Duke researchers discover mouse love songs

Duke researchers discover mouse love songs
Duke researchers discover mouse love songs

Male mice have a startlingly complex repertoire of singing styles that are mostly involved with the attraction and pursuit of females. While Scientists have known that mice sing for 50 years, the variety of songs and the purpose has been deciphered by Erich Jarvis, an associate professor of neurobiology at Duke University, and Abhra Sarkar in Duke’s Department of Statistical Science.

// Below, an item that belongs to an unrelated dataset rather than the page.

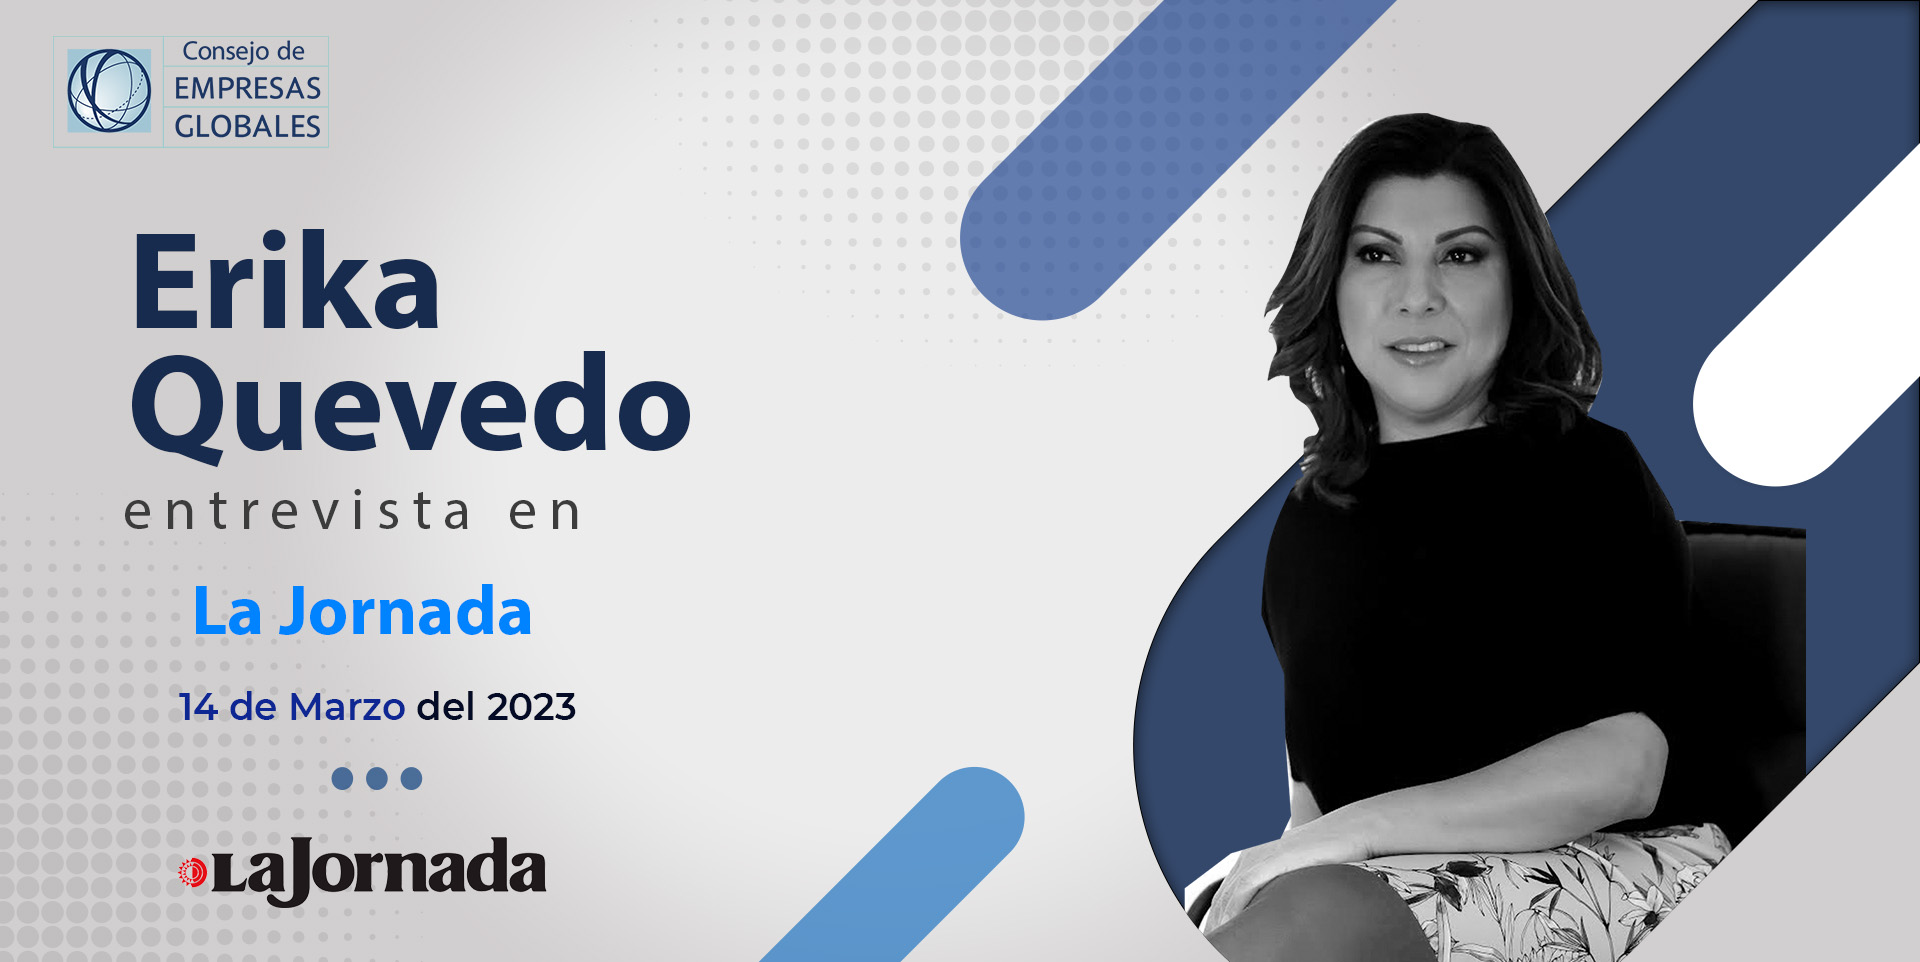 Erika Quevedo, directora general de nuestro Consejo en entrevista con La Jornada

Mice sing in an ultrasonic range that cannot be heard by humans. The researchers developed a computerized analysis that accounted for tempo, volume, and frequency of mouse vocalizations in different social situations. The mouse recordings have been uploaded to “MouseTube” a growing repository built by scientists at the Institute Pasteur in Paris.

The researchers found that male mice sing louder and more often when they smell a female nearby or smell a female’s urine. The mice soften their songs when a female is in visual range. The entire singing behavior is associated with mate attraction. No direct evidence exists but the soft singing may make a female mouse more receptive to mating. The proposition is based on the fact that female mice responded differently to different types of singing.

The mouse song repertoire is not as complex as that of birds or humans. Crooning mice may be a clue to the chemical and neurological deficits that occur in autism and other human communication disorders. The ultrasonic singing of mice could be converted to sounds that are audible to humans. A human vocabulary could be associated with each syllable of mouse singing. The next big hit in pop music might be a mouse tune.